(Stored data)
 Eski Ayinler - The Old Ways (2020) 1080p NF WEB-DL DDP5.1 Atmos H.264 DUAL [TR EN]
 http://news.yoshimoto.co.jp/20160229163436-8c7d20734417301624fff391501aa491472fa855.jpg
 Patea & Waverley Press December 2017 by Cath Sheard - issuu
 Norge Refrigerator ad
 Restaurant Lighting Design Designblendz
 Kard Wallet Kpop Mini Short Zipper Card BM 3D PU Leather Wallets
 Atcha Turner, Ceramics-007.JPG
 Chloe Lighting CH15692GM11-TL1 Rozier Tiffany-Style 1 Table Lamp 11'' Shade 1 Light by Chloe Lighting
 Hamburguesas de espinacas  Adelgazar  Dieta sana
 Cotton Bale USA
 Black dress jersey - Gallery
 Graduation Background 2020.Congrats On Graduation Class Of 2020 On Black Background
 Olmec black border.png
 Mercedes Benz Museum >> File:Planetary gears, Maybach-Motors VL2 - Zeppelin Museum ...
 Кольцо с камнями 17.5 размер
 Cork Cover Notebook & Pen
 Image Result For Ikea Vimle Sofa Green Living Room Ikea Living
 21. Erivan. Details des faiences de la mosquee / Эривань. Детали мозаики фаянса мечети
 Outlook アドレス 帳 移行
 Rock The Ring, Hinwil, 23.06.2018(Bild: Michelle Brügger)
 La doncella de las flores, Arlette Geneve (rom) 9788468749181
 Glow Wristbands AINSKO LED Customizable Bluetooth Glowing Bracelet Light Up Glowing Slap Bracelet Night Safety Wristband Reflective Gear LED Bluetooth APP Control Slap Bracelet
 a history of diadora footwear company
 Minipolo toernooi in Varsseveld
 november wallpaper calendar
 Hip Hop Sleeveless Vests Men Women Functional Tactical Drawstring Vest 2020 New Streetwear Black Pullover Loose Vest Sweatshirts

**What you should do**. The data above should be reproduced in full, word for word.

**Output of the exercise**.
 Eski Ayinler - The Old Ways (2020) 1080p NF WEB-DL DDP5.1 Atmos H.264 DUAL [TR EN]
 http://news.yoshimoto.co.jp/20160229163436-8c7d20734417301624fff391501aa491472fa855.jpg
 Patea & Waverley Press December 2017 by Cath Sheard - issuu
 Norge Refrigerator ad
 Restaurant Lighting Design Designblendz
 Kard Wallet Kpop Mini Short Zipper Card BM 3D PU Leather Wallets
 Atcha Turner, Ceramics-007.JPG
 Chloe Lighting CH15692GM11-TL1 Rozier Tiffany-Style 1 Table Lamp 11'' Shade 1 Light by Chloe Lighting
 Hamburguesas de espinacas  Adelgazar  Dieta sana
 Cotton Bale USA
 Black dress jersey - Gallery
 Graduation Background 2020.Congrats On Graduation Class Of 2020 On Black Background
 Olmec black border.png
 Mercedes Benz Museum >> File:Planetary gears, Maybach-Motors VL2 - Zeppelin Museum ...
 Кольцо с камнями 17.5 размер
 Cork Cover Notebook & Pen
 Image Result For Ikea Vimle Sofa Green Living Room Ikea Living
 21. Erivan. Details des faiences de la mosquee / Эривань. Детали мозаики фаянса мечети
 Outlook アドレス 帳 移行
 Rock The Ring, Hinwil, 23.06.2018(Bild: Michelle Brügger)
 La doncella de las flores, Arlette Geneve (rom) 9788468749181
 Glow Wristbands AINSKO LED Customizable Bluetooth Glowing Bracelet Light Up Glowing Slap Bracelet Night Safety Wristband Reflective Gear LED Bluetooth APP Control Slap Bracelet
 a history of diadora footwear company
 Minipolo toernooi in Varsseveld
 november wallpaper calendar
 Hip Hop Sleeveless Vests Men Women Functional Tactical Drawstring Vest 2020 New Streetwear Black Pullover Loose Vest Sweatshirts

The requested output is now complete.